# ok guys pics from tonights workout i look like a waterbotal



## mnmsnowbeast (Sep 2, 2014)

I am holding so fucken much water in the last two weeks its hard to believe,its either the peps,or the test,but two weeks ago I was 209 now tonight 220 wow,like I said I am full of water,so I look so fucken soft its not funny,but the calipers tell another story of bf at 12.8% but hard to believe from these pics. I don't know what happened I had a double biceps pose in there,but for some reason it did not load.


----------



## raysd21 (Sep 3, 2014)

What peps you doin?  I noticed I am retaining mega water since starting mine.  Nice stache by the way.

Did you just start the test or switch esters or something?


----------



## World-Pharma.org (Sep 3, 2014)

you look great for your years..i see you have big massive back!


----------



## rambo99 (Sep 3, 2014)

Nice, much respect to an old school lifter and I mean old as in wise not in any offensive way.

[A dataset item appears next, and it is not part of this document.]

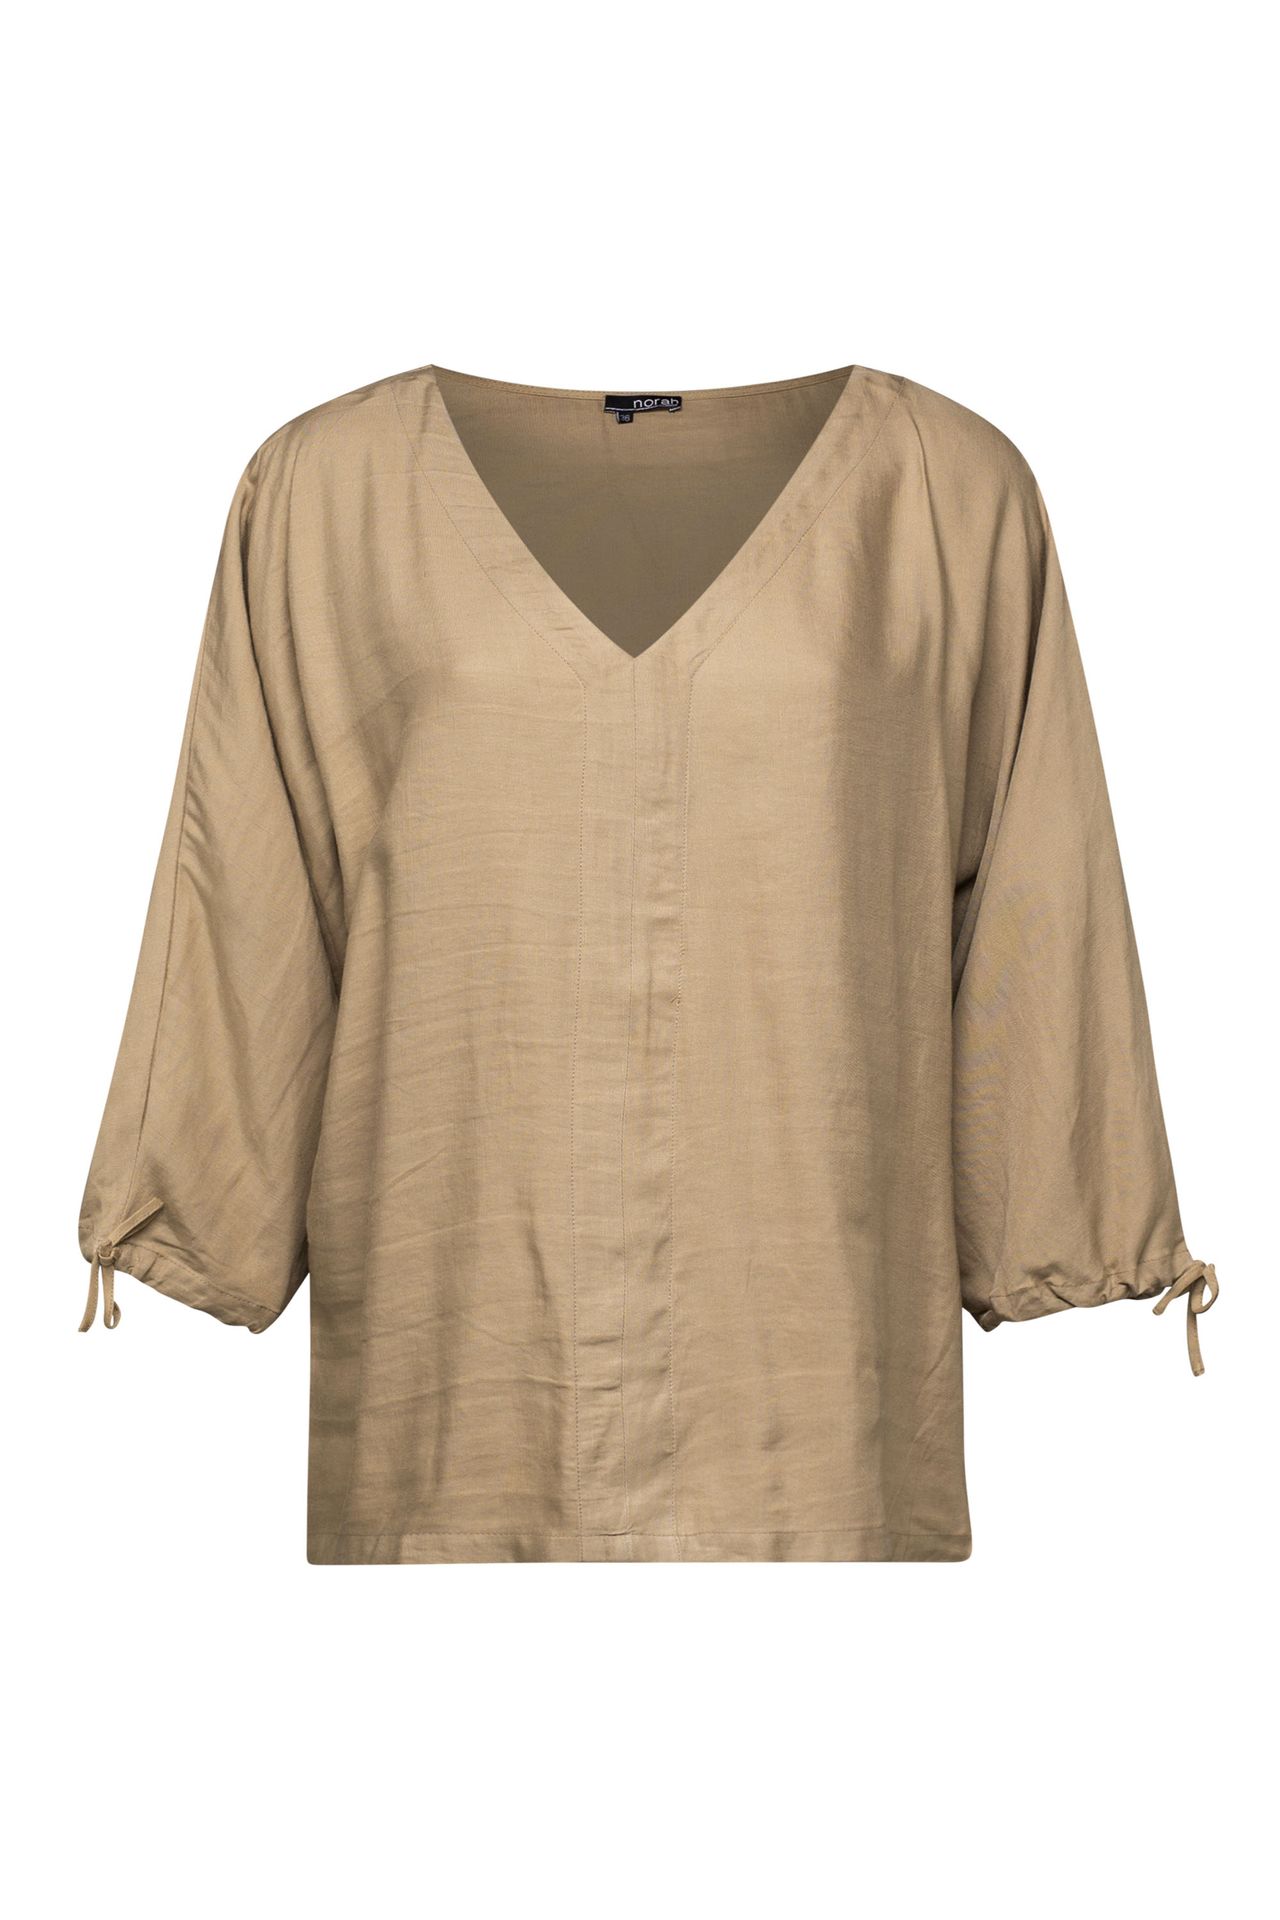 Norah Zandkleurige blouse linnen sand 212673-110

Its probably the peps, mk677 and cjcdac have my hands and feet swollen. I was using clen to keep the water off but since I upped the doses even clen is not helping.


----------



## mnmsnowbeast (Sep 3, 2014)

raysd21 said:


> What peps you doin? I noticed I am retaining mega water since starting mine. Nice stache by the way.
> 
> Did you just start the test or switch esters or something?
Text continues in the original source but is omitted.